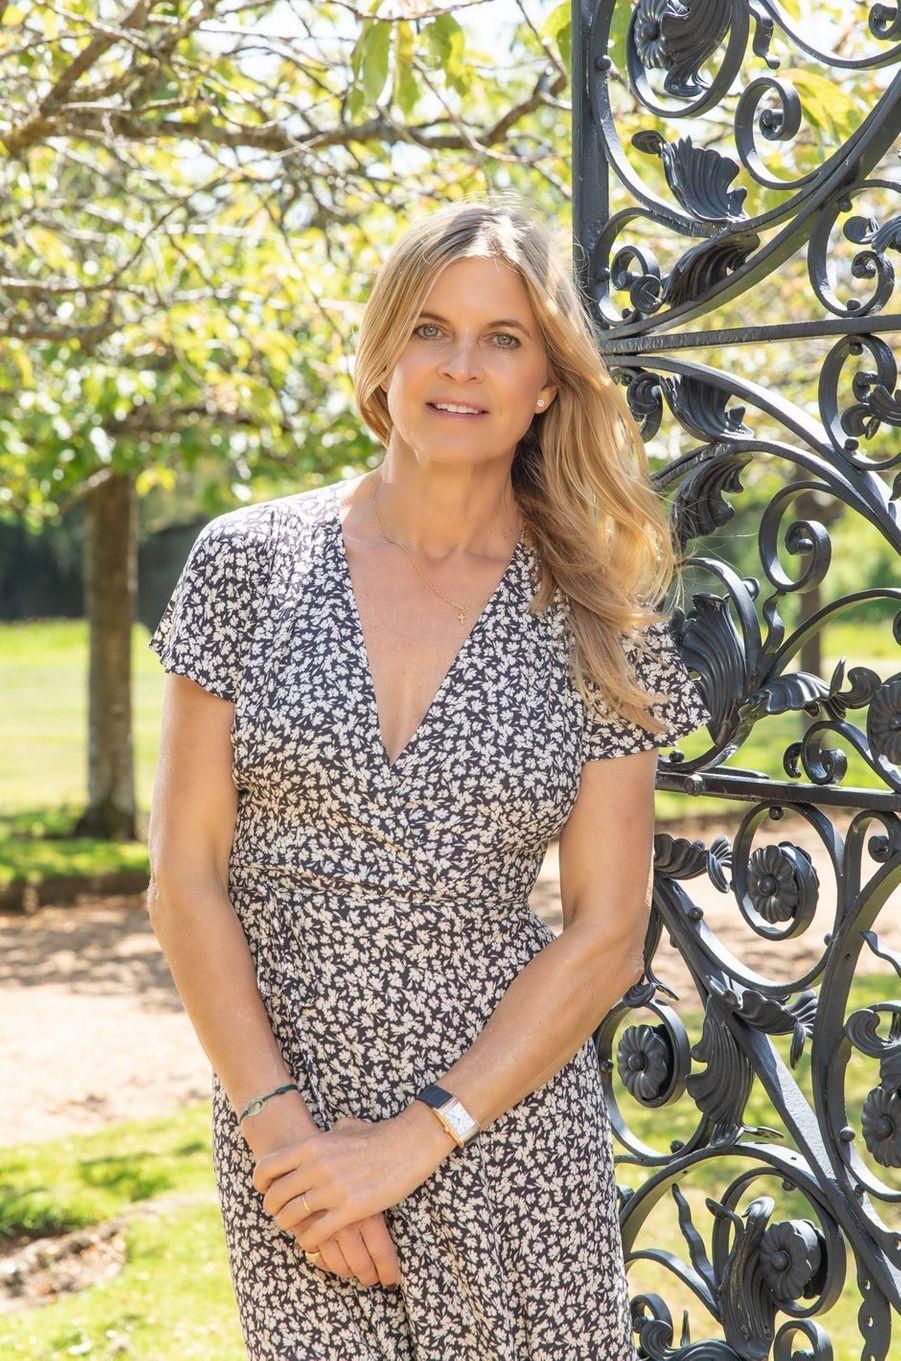 Claire Milford Haven, amie de Jaeger-LeCoultre depuis plusieurs années.
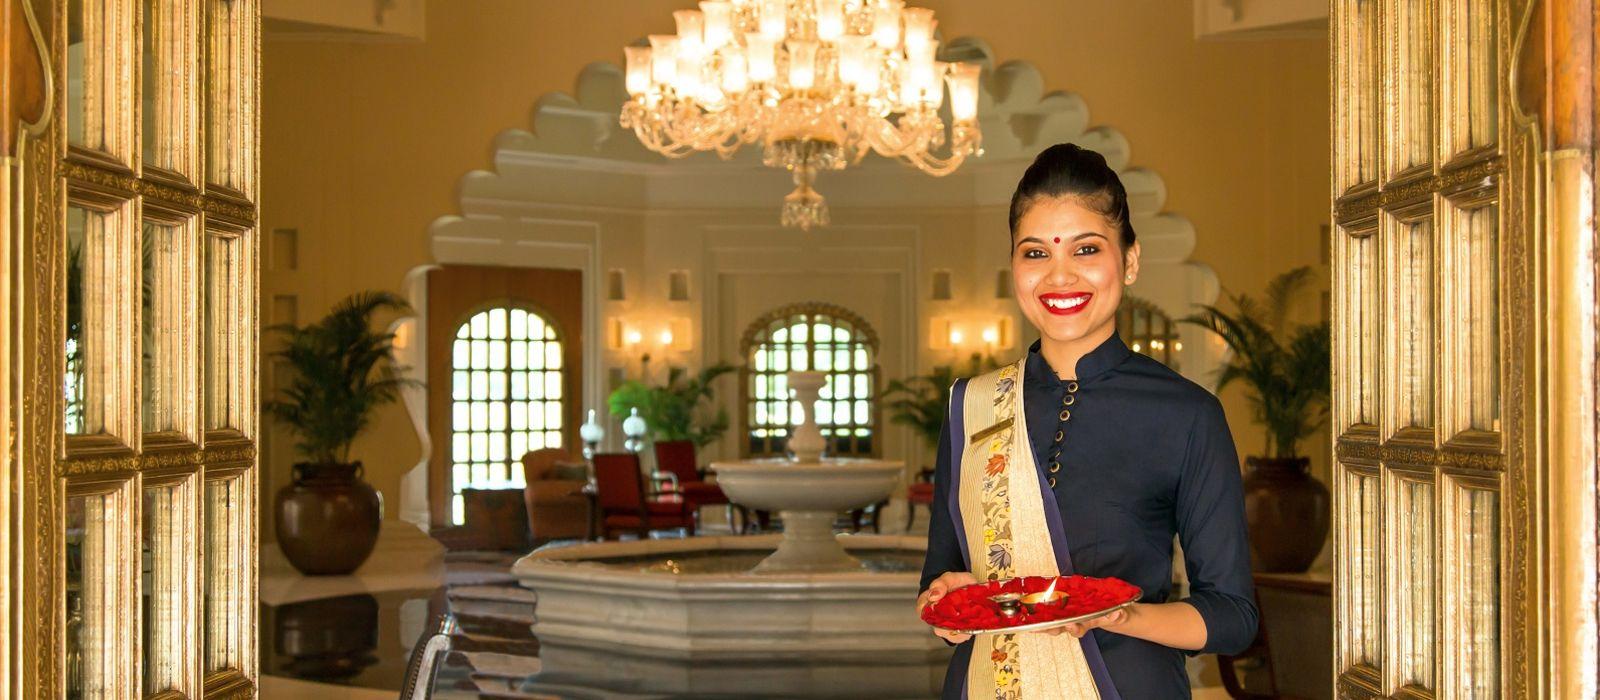 Glanzvolles Rajasthan & Taj Mahal: Exklusiver Luxus mit dem Oberoi-Angebot Urlaub 4
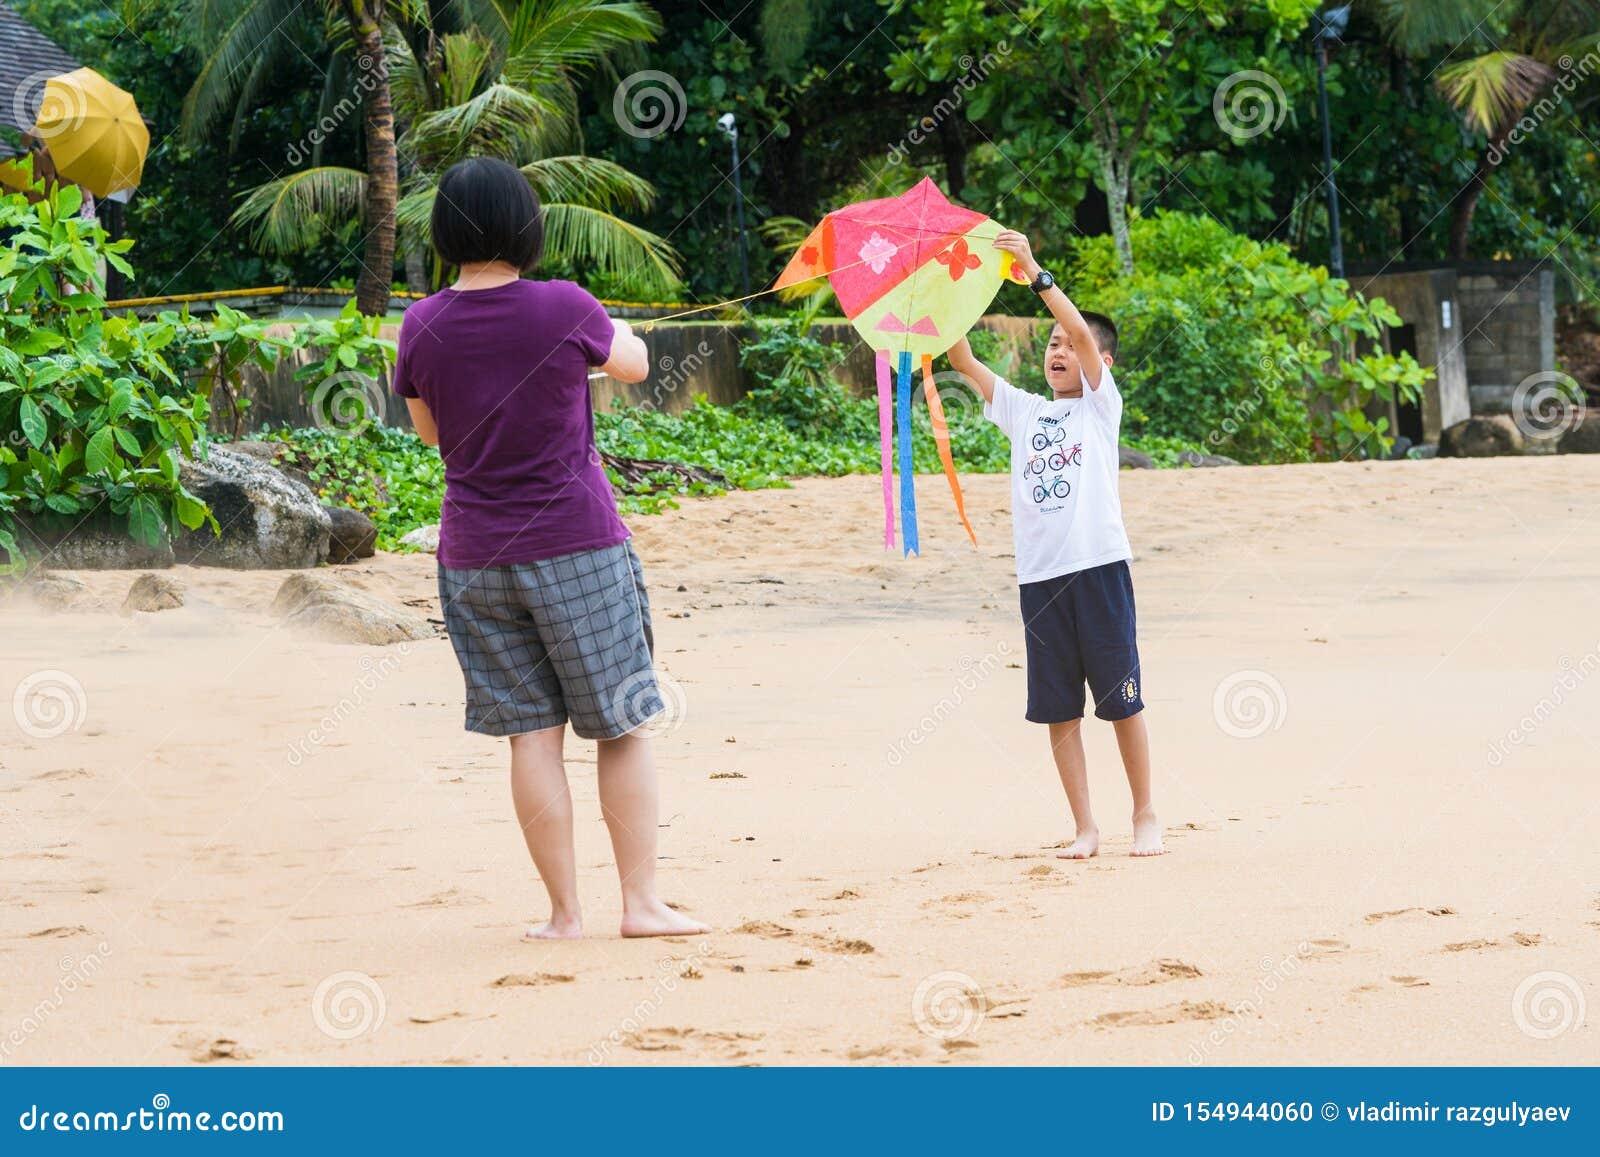 Khaoak, Tailandia, il 20 luglio 2019: Il ragazzo asiatico e la sua mamma stanno pilotando un aquilone sulla spiaggia
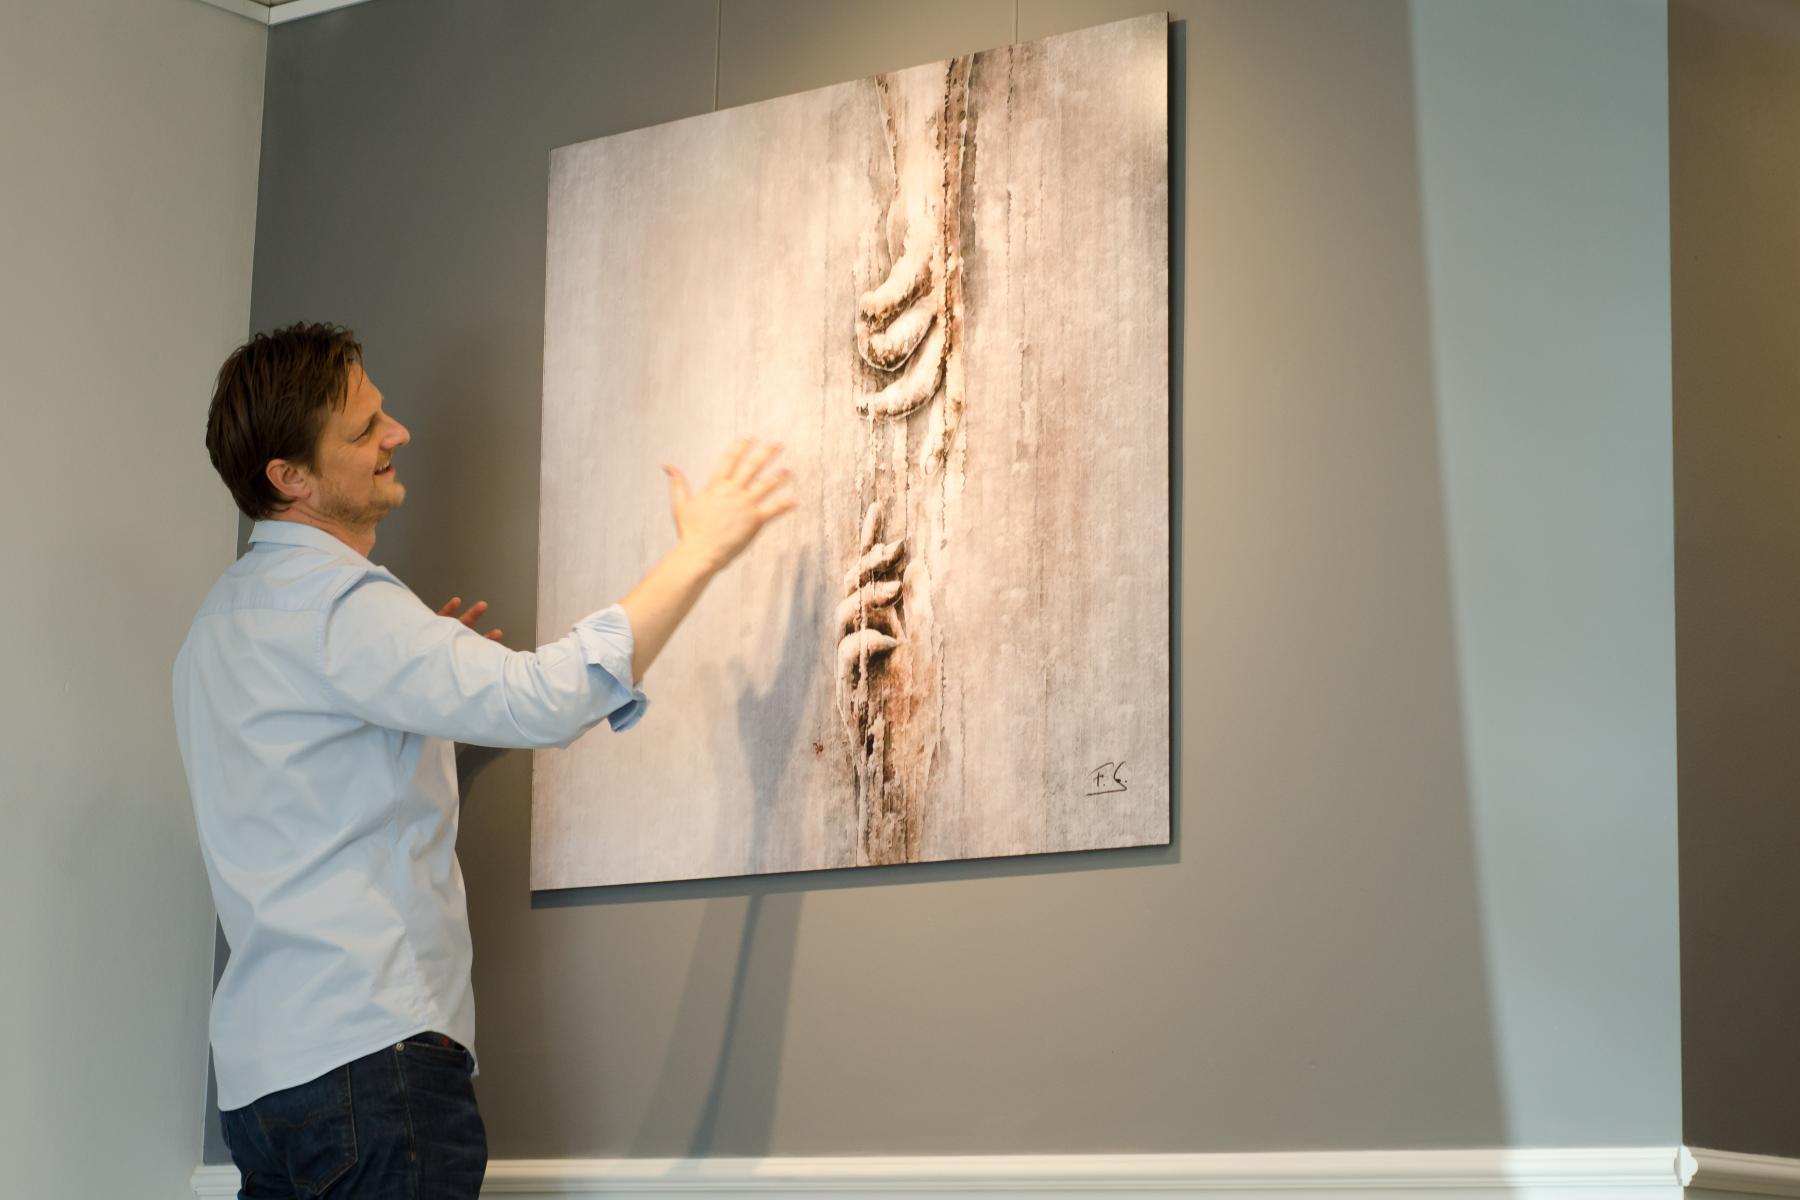 Visit Nieuwpoort - Expositie aan Zee - kunstenaar F.G.

● **TRY IT**: Each line of the material is to be output exactly. Images are not part of the expected output.

● **WORKED SOLUTION**:
 Claire Milford Haven, amie de Jaeger-LeCoultre depuis plusieurs années.
 Glanzvolles Rajasthan & Taj Mahal: Exklusiver Luxus mit dem Oberoi-Angebot Urlaub 4
 Khaoak, Tailandia, il 20 luglio 2019: Il ragazzo asiatico e la sua mamma stanno pilotando un aquilone sulla spiaggia
 Visit Nieuwpoort - Expositie aan Zee - kunstenaar F.G.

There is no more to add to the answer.